> **Assignment**:
Omit all pictures and transcribe only the lines in the entries below that run from the line with "Cuál fue el" through the line with "Kalhoty Nike Dri-Fit".
──────── Supplied data ────────
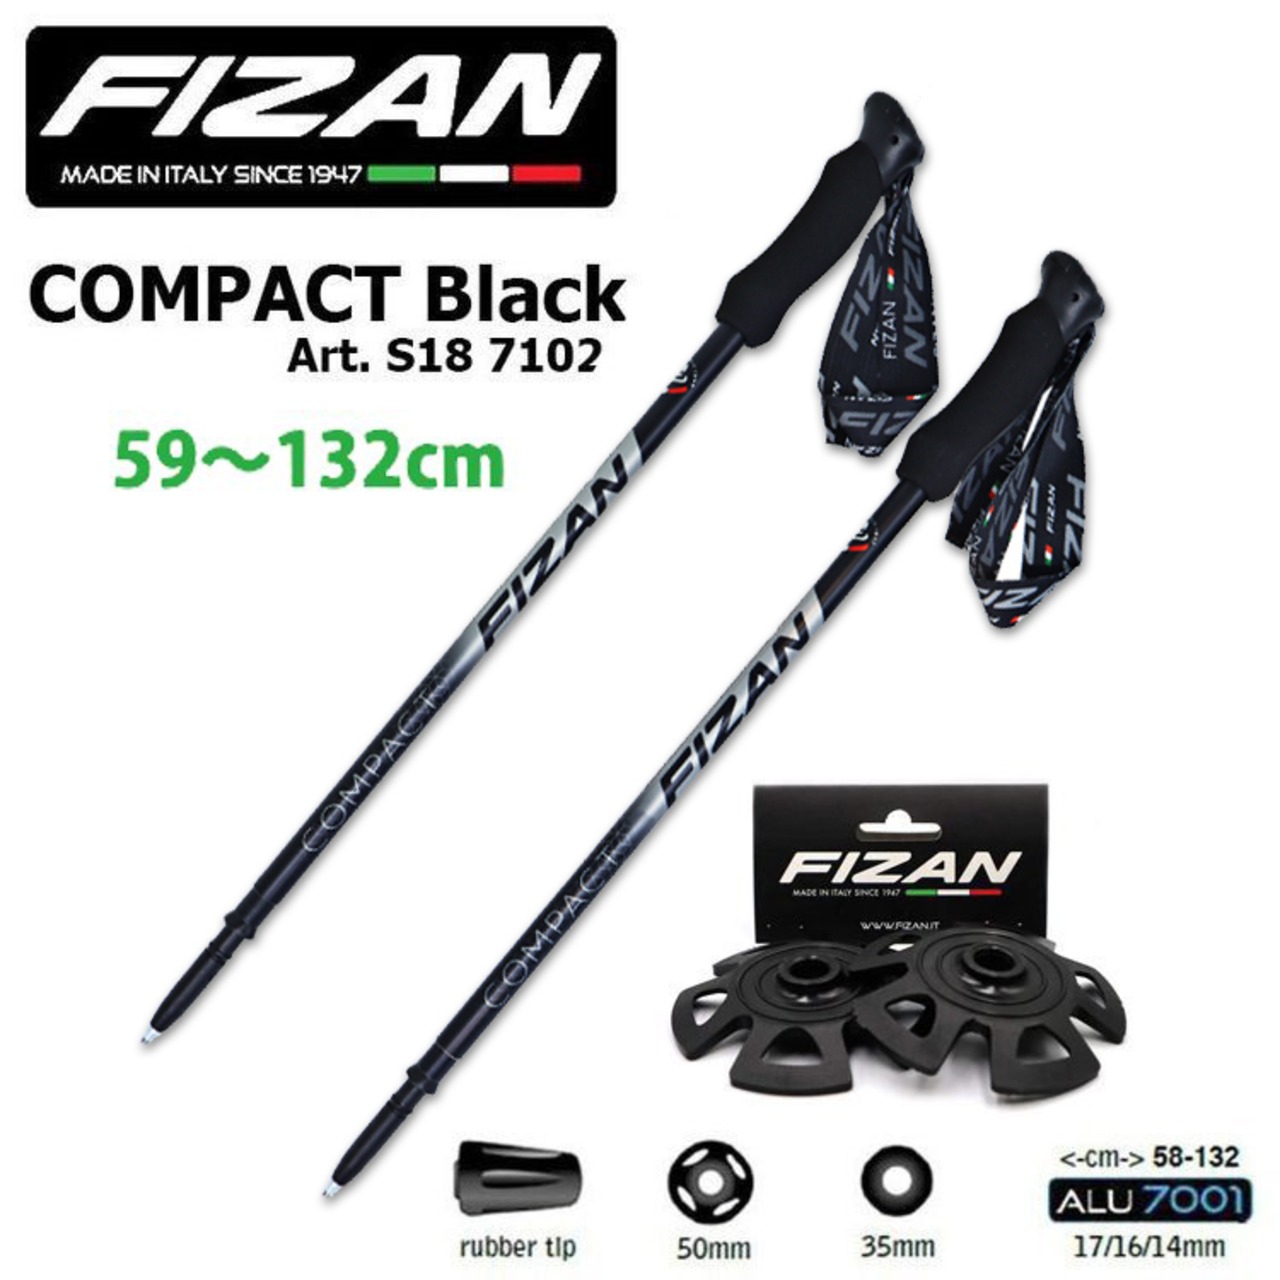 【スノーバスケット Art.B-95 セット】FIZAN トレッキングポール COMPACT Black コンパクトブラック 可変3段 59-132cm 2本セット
────────
──────── Supplied data ────────
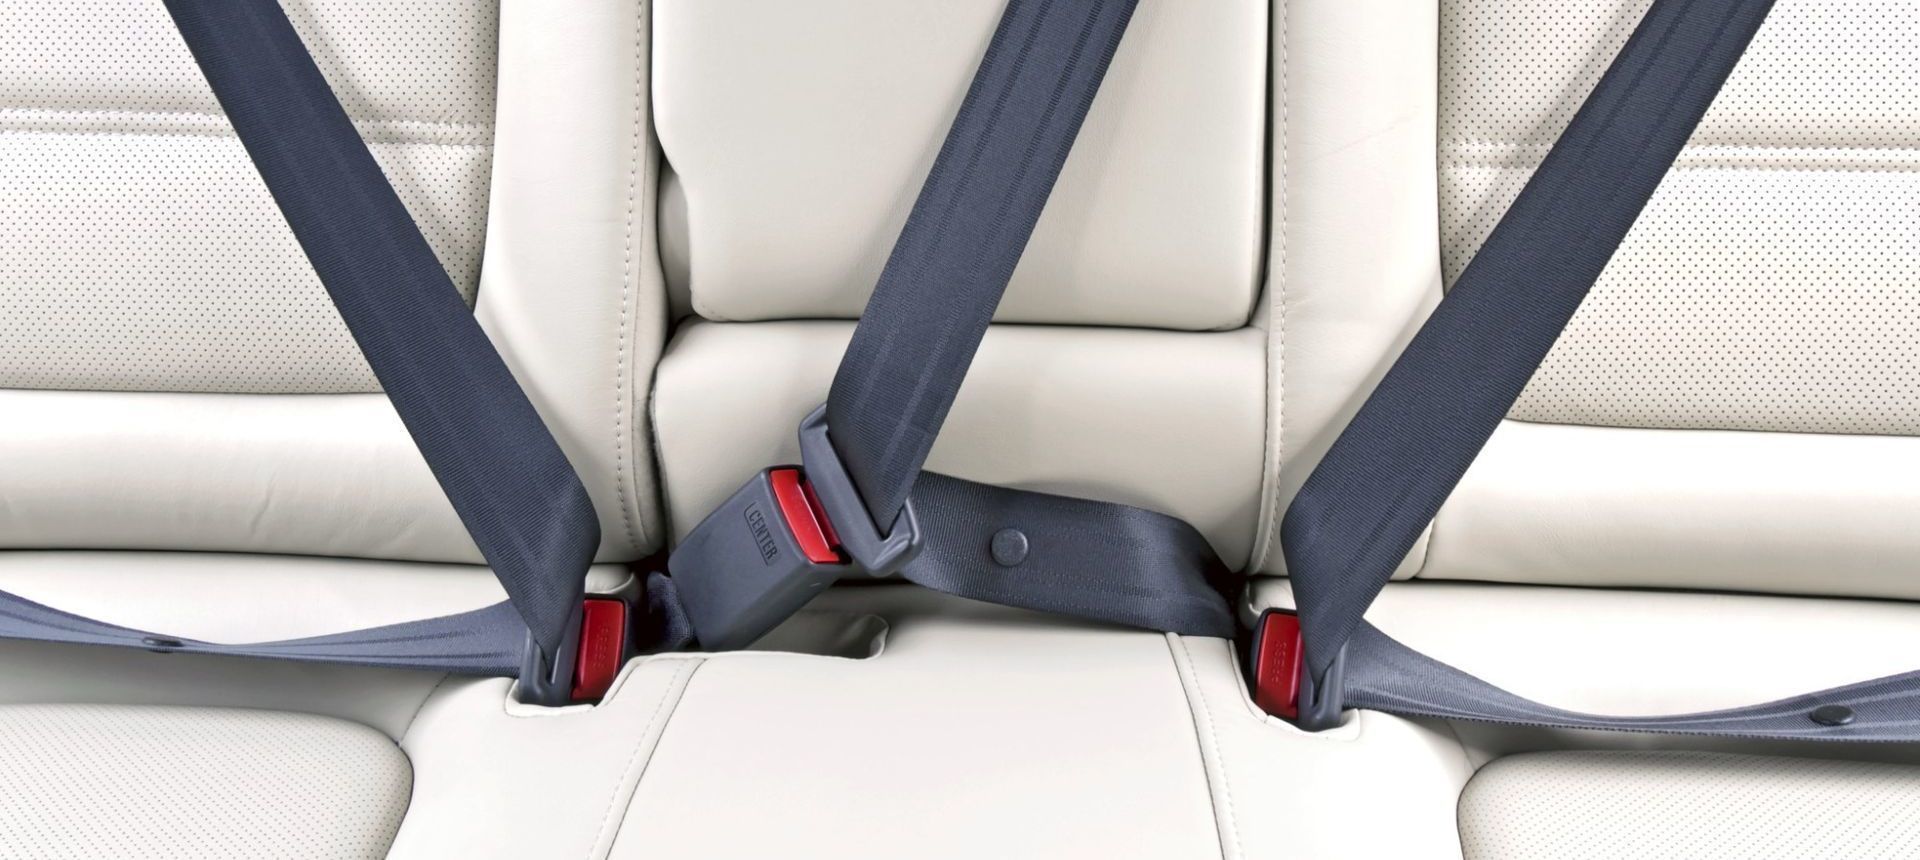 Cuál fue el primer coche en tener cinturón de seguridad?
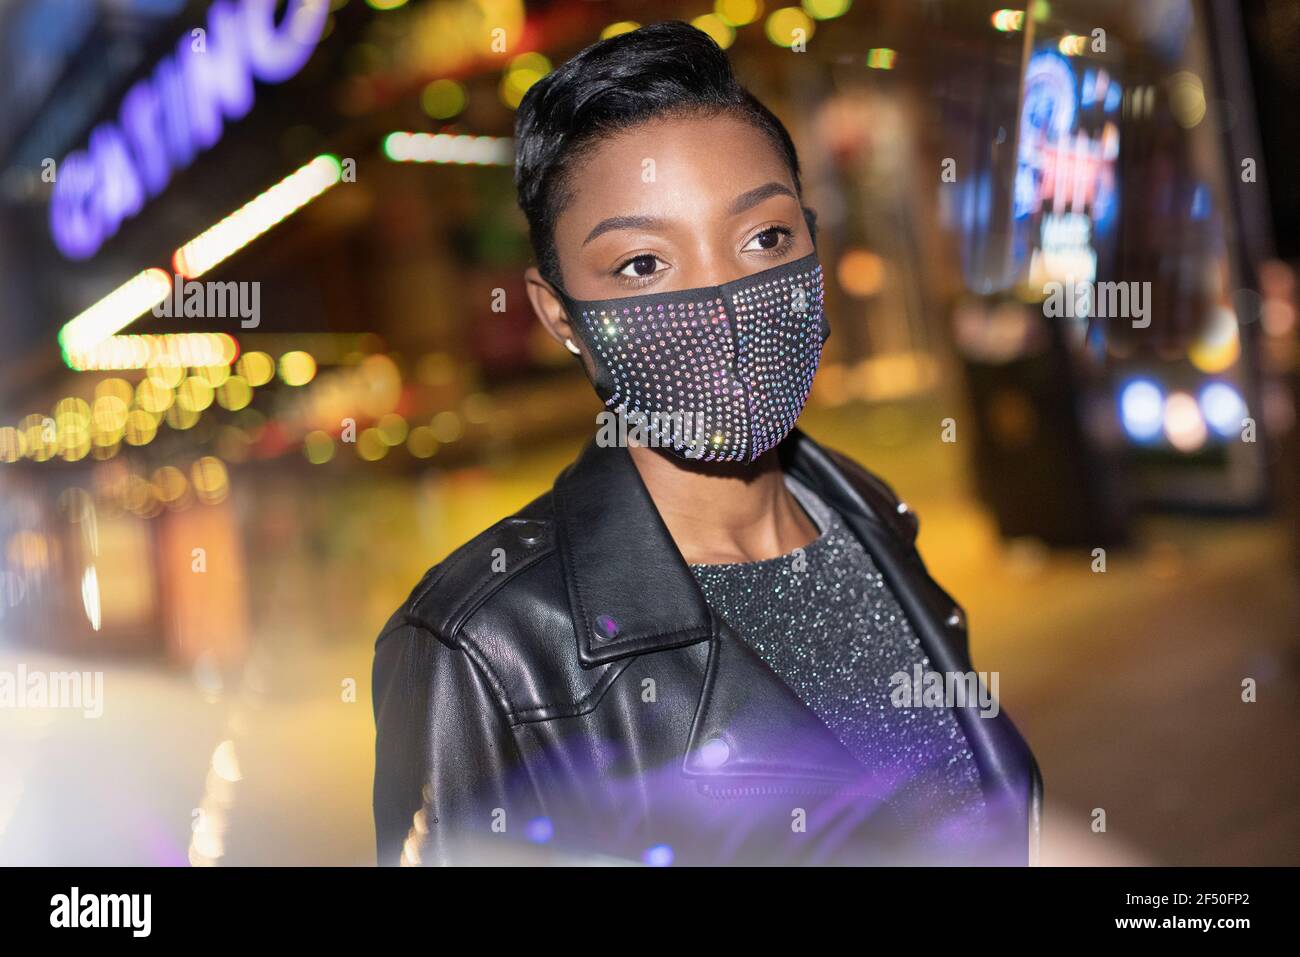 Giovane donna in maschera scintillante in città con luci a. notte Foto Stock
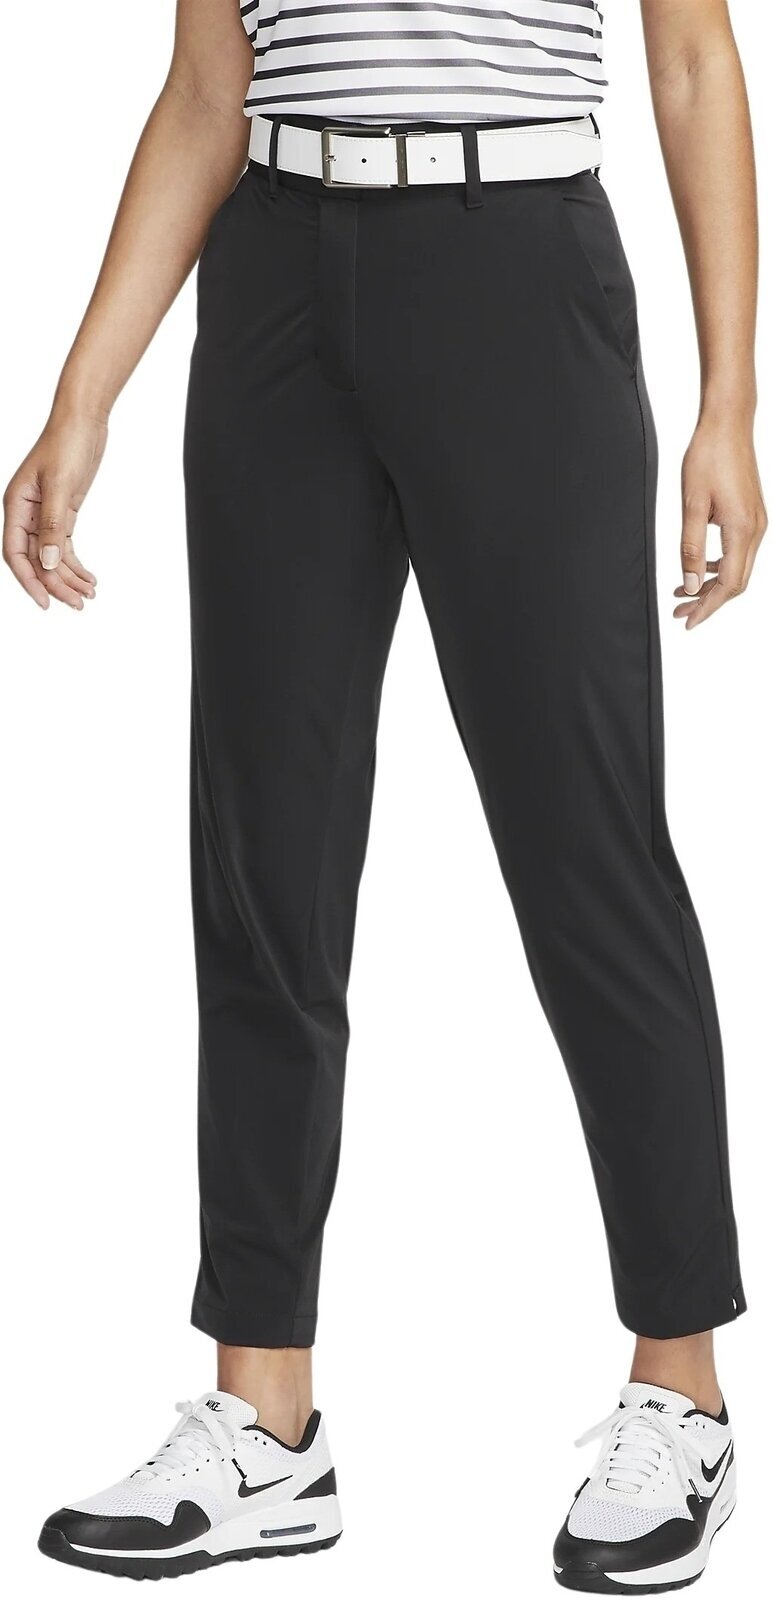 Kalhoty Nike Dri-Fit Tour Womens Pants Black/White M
────────
──────── Supplied data ────────
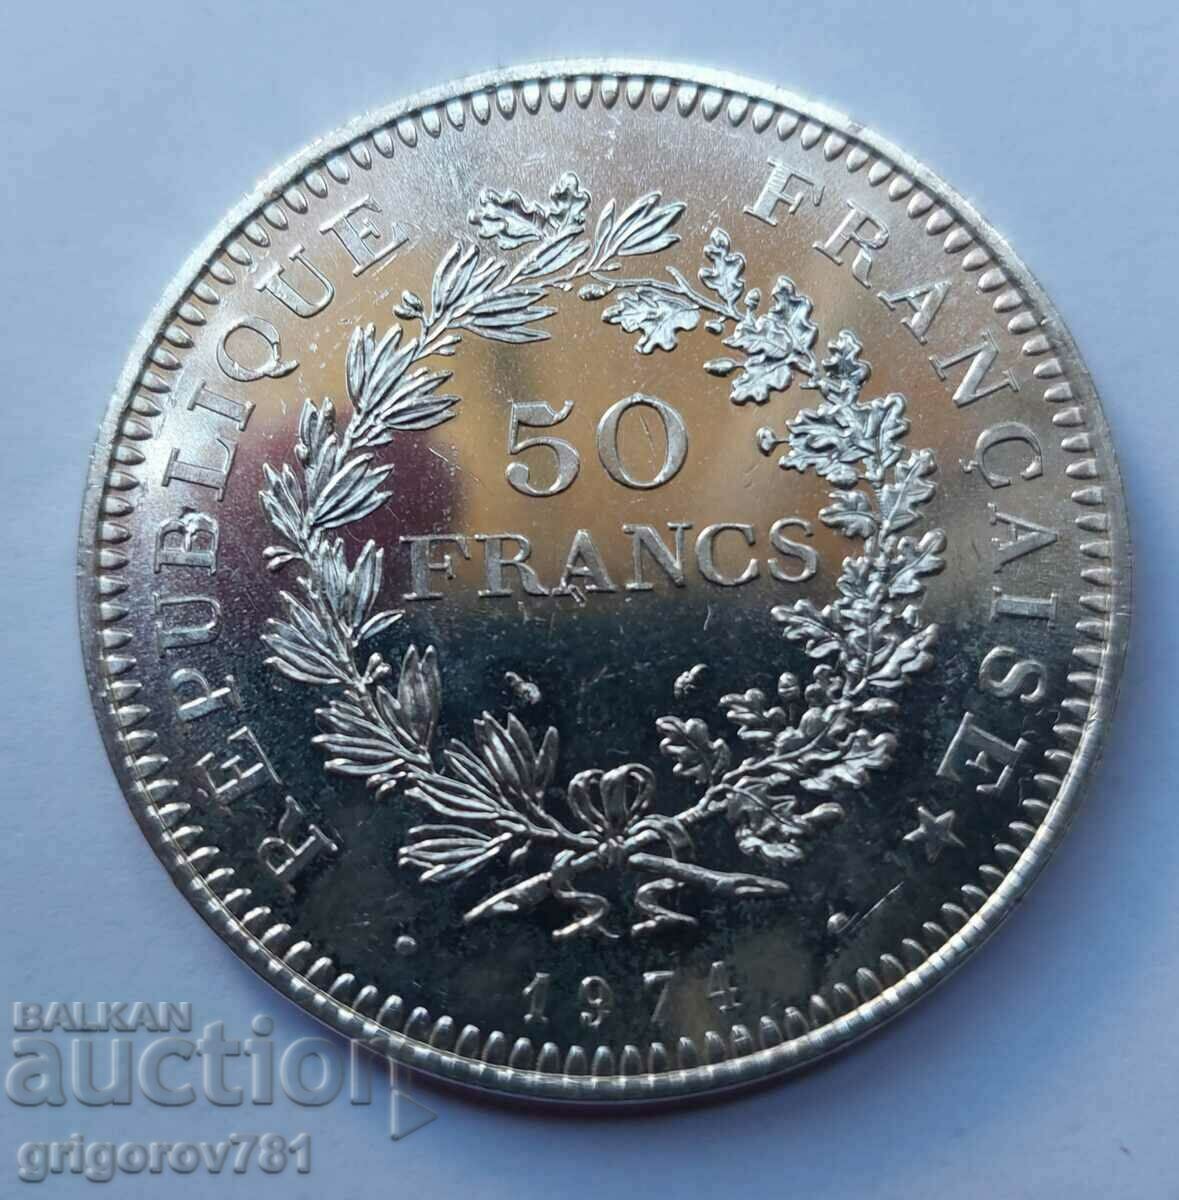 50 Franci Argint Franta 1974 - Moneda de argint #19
────────
> **Exercise solution**:
 Cuál fue el primer coche en tener cinturón de seguridad?
 Giovane donna in maschera scintillante in città con luci a. notte Foto Stock
 Kalhoty Nike Dri-Fit Tour Womens Pants Black/White M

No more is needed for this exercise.